Сердце хана сжалось от гордости. Его убеждали отвести базар от стен дворца, но он распорядился оставить. Изобилие рынка скрывает нищету. Хан с трудом отвёл глаза от застывшей толпы, туда, где за сверкающими небесно-голубой глазурью усадьбами богатых горожан, за площадью, на коей чуть ни ежедневно жители задорно рвали и забивали камнями всякого, на кого указывал кади, за синими, со сверкающими полумесяцами куполами мечетей в облаках пыли туркмены занимались конной выучкой на ипподроме, где среди амбаров и кузниц, шелковичных, плотницких, оружейных мастерских, среди налезающих друг на друга бесконечных хижин простые жители вели счёт будничным заботам, а внутри шахри-стана за внутренним рвом суетились по крепостным стенам ополченцы. И далее — за внешними укреплениями, за рыжими виноградниками, садами, за иссечённой арыками пашней открывался необъятный простор с убегающими к горизонту тополями, с верблюдами, тянувшими арбу, с тихо плывущими по реке судами, нагруженными пшеницей и ячменём, и еле видимой линией далёких синих гор.
Не отводя глаз от горизонта, хан отступил на пару шагов, и минуту-другую спустя шум на базаре возобновился с прежней силой. Хан повернулся кругом — всюду одно и то же — сонный, бессрочный покой с теми же тополями, верблюдами, арбой, с теми же не то явными, не то кажущимися горами, повисшими в поднебесье.
«А где север-то?» — вдруг спросил он себя, замер на месте и даже развёл руками в недоумении. Пот выступил у него на лбу.
— Где север? — уже вслух повторил он вопрос, растерянно огляделся по сторонам и принялся быстрым шагом ходить кругами по террасе, вглядываясь в даль и стараясь уцепиться хоть за какой-нибудь ориентир, подсказку. — Тьфу ты, не понимаю… Совсем, что ли, голову потерял?.. — Он нервно рассмеялся. — Где же он… где, зараза?..
Где север?!
4
По холмистому склону, покрытому изумрудно свежей травой, мелко перебирая ногами, бежал истерзанный человек. Растрепавшийся тюрбан бился у него за спиной. Судя по обрывкам ремней на поясе и плечах, это был простой ополченец. Он бежал, вцепившись руками в волосы, раскрыв рот в беззвучном крике, бежал прочь, неведомо куда, спасая не столько своё тело, сколько рассудок. Можно было подумать, что он только что своими глазами видел конец света.

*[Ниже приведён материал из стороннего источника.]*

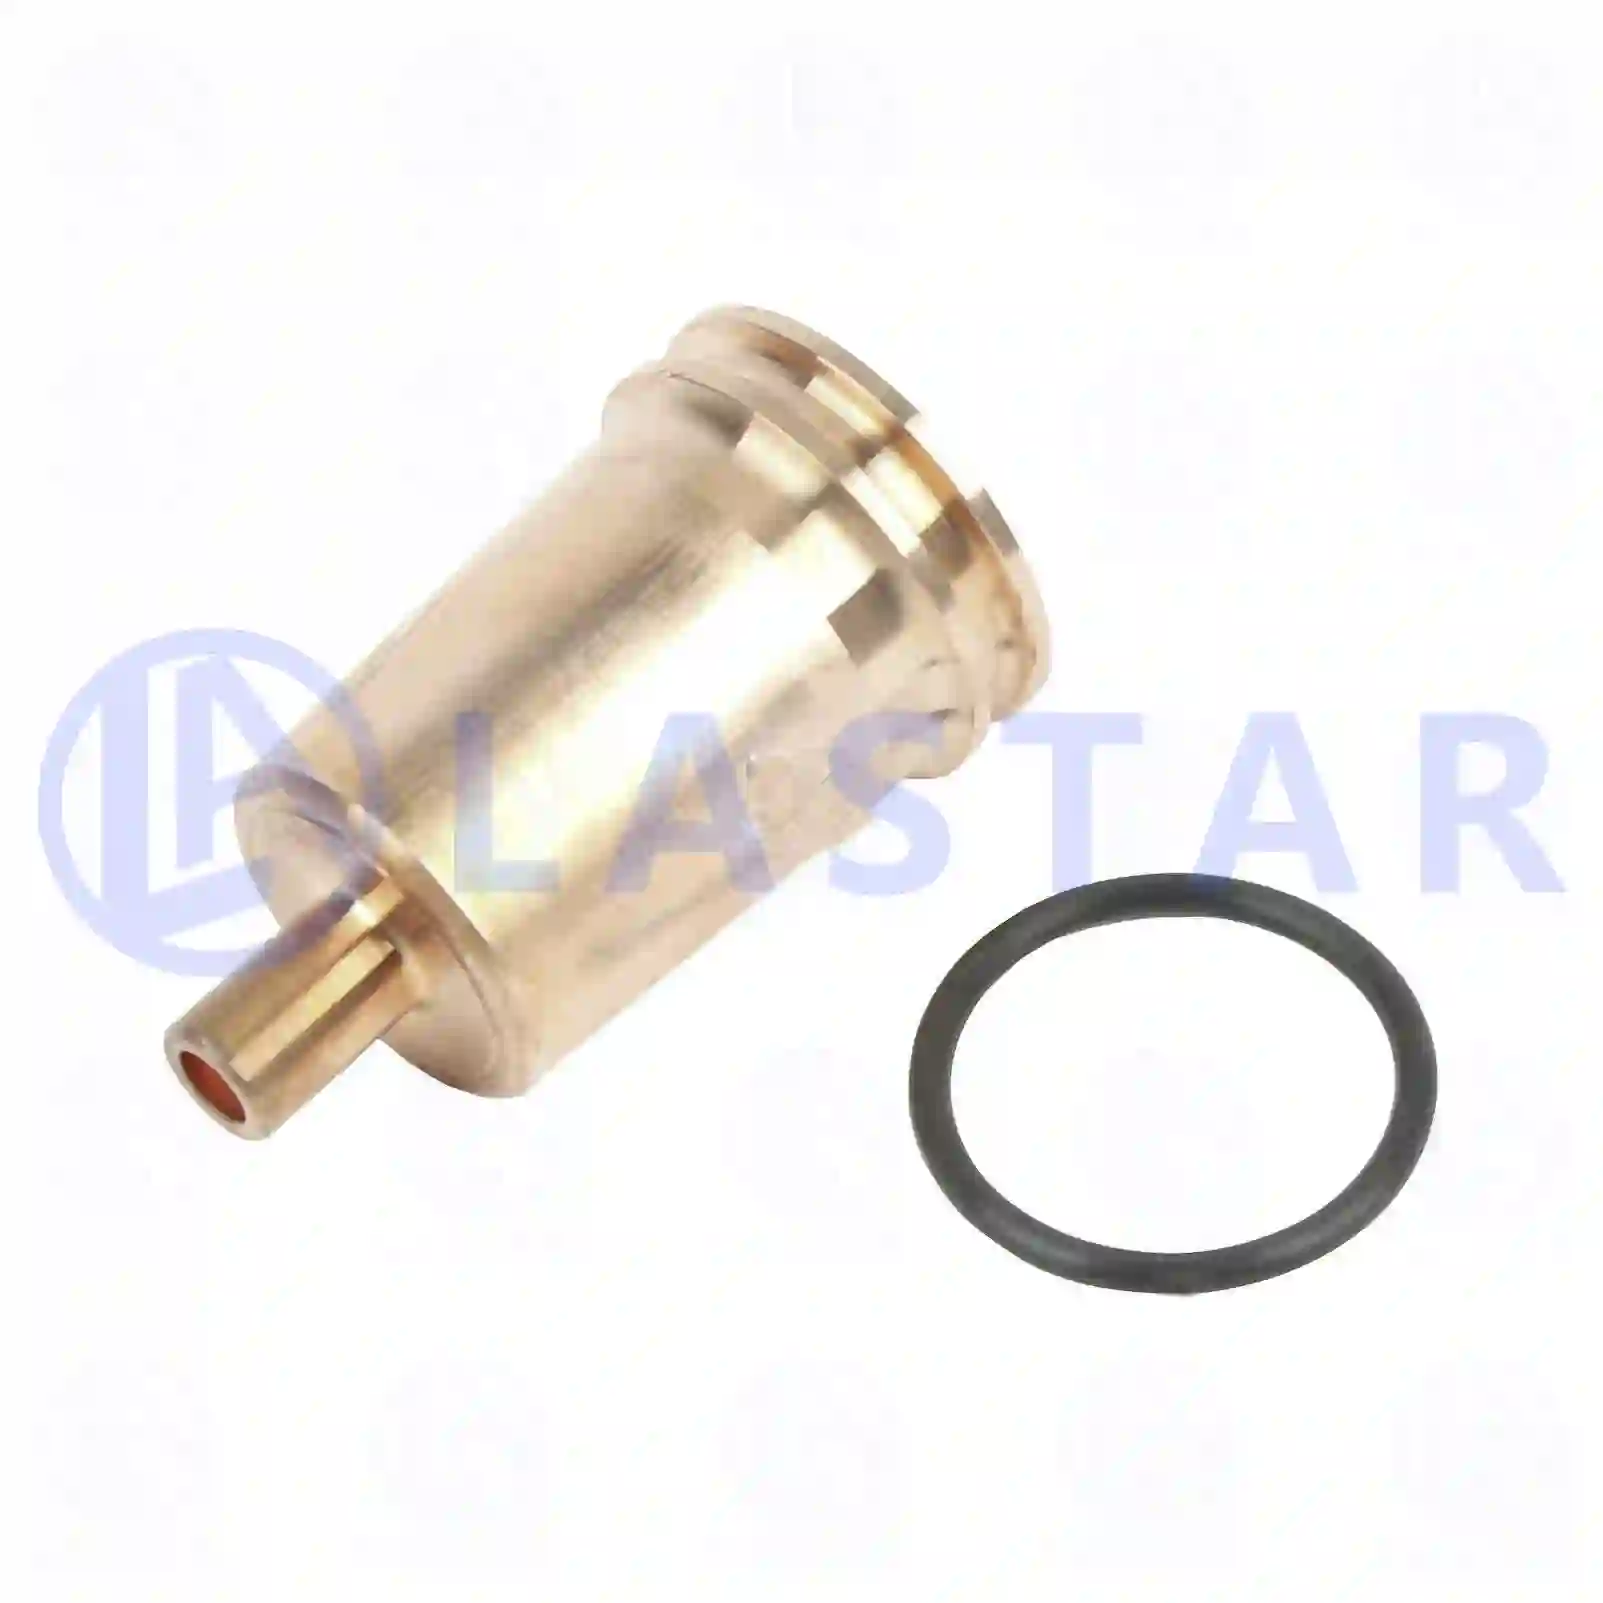  Injection sleeve kit || Lastar Spare Part | Truck Spare Parts, Auotomotive Spare Parts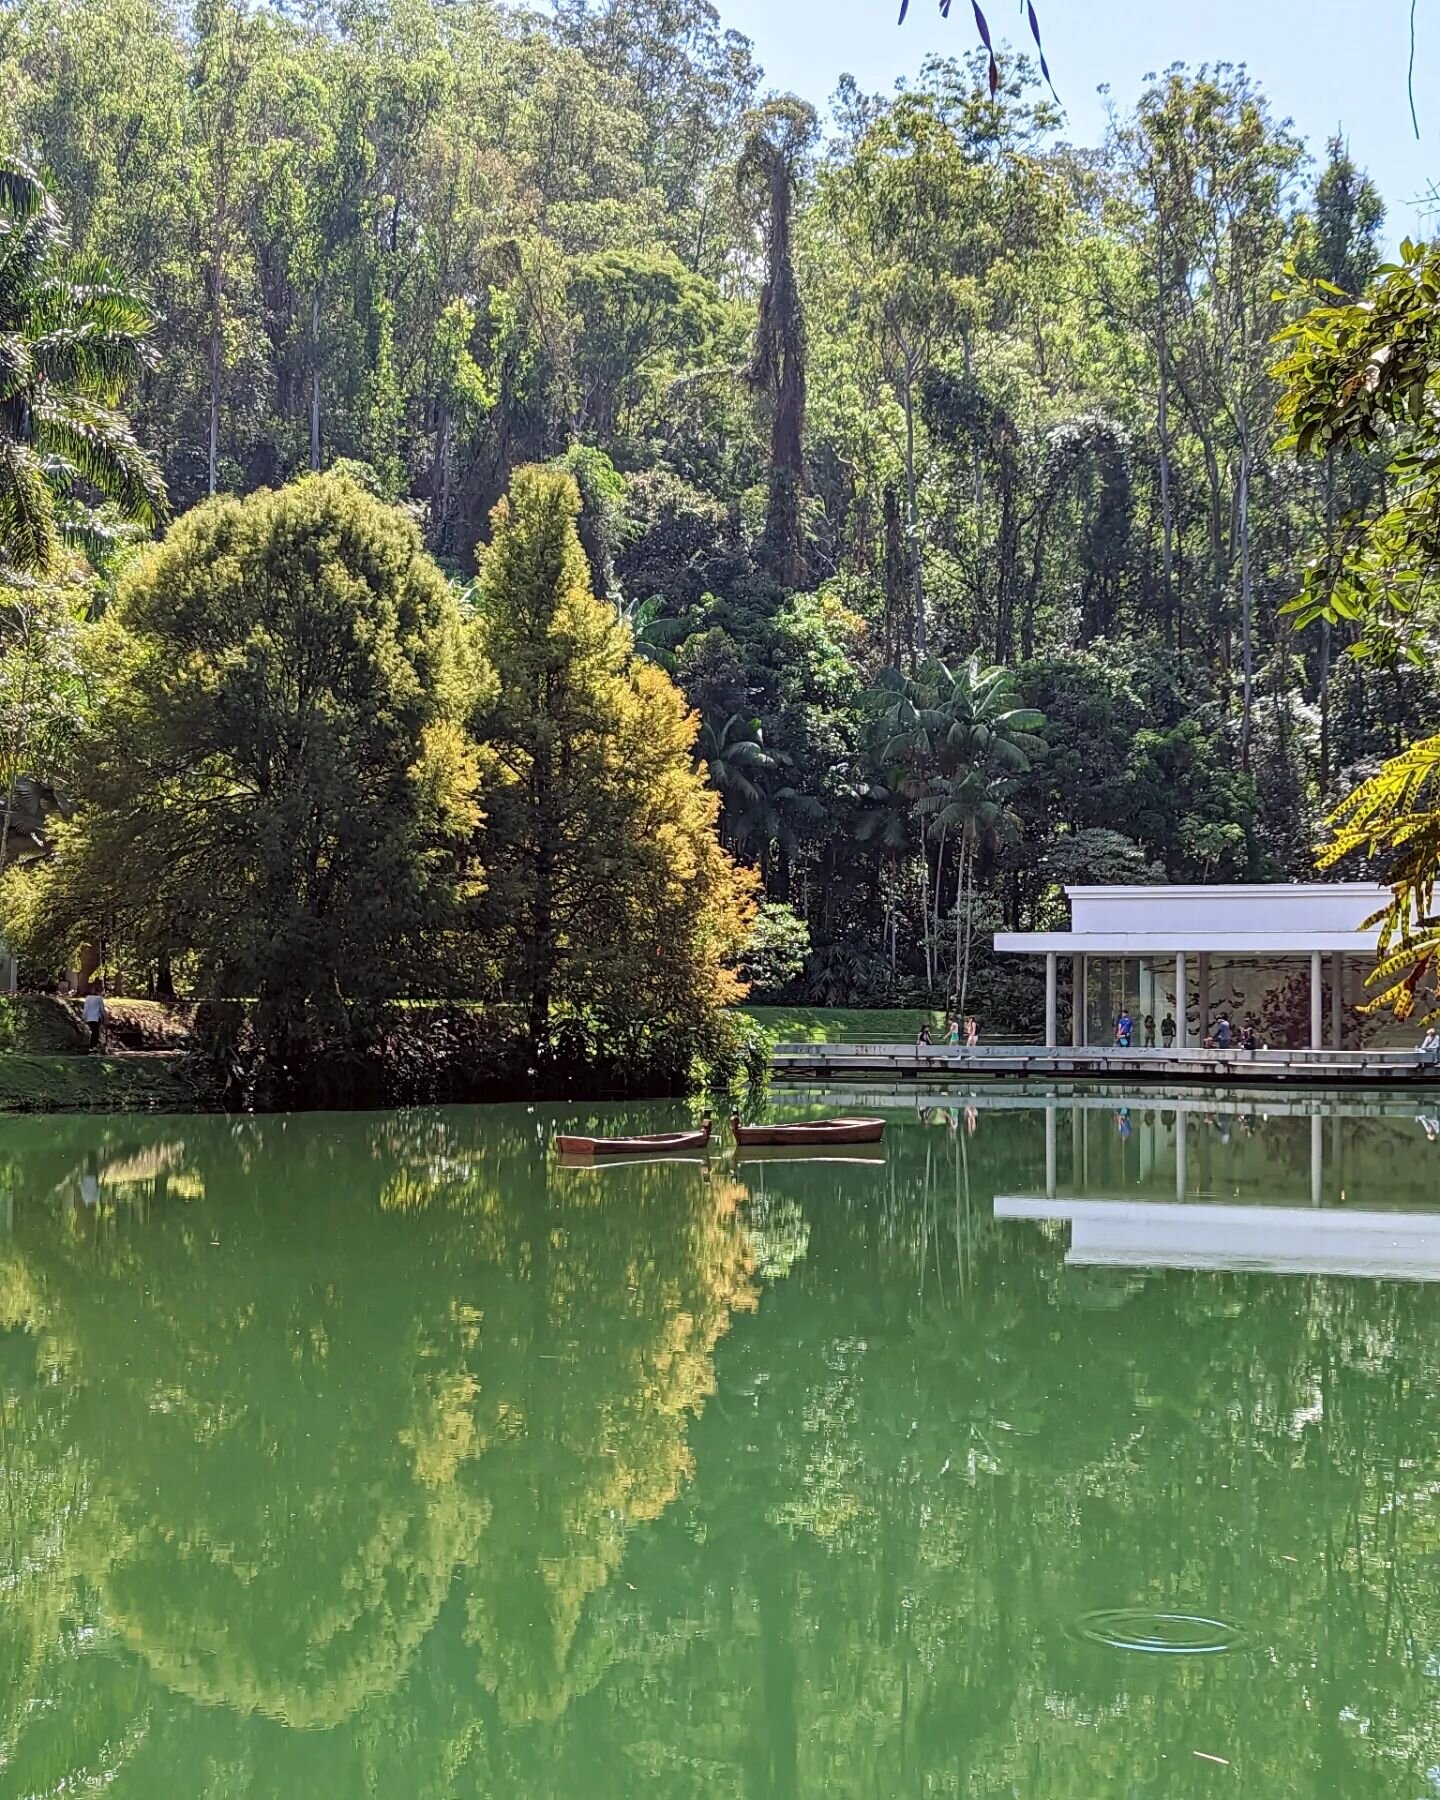 #Inhotim isn't your typical museum. It's an artistic wonderland sprawled across an expansive area of over 5,000 acres, being one of #LatinAmerica's most expansive outdoor art centers. Imagine strolling through tropical gardens, meandering around sere

Невыносимо томительной нотой прорезал воздух упругий звук, и в спину бегущему коротко ударила стрела. Не останавливаясь, он упал и покатился вперёд, ещё полный жизни и молодых сил, пальцы его судорожно хватались за траву, пытаясь удержать себя в этом мире. Потом он замер на спине с неловко выгнутой грудью из-за упиравшейся в землю стрелы и какое-то время жил, глядя в небо высыхающими глазами, и в ушах постепенно затихал стоголосый вой приуготовленных к деловитой резне бесполезных детей и старух. А вдали, по самому краю равнины, буднично перекидываясь отрывистыми фразами, шла группа монгольских конников. Один из них запихивал лук в чехол. Никто не обратил внимания на потерю одной стрелы.
Ознакомительная версия.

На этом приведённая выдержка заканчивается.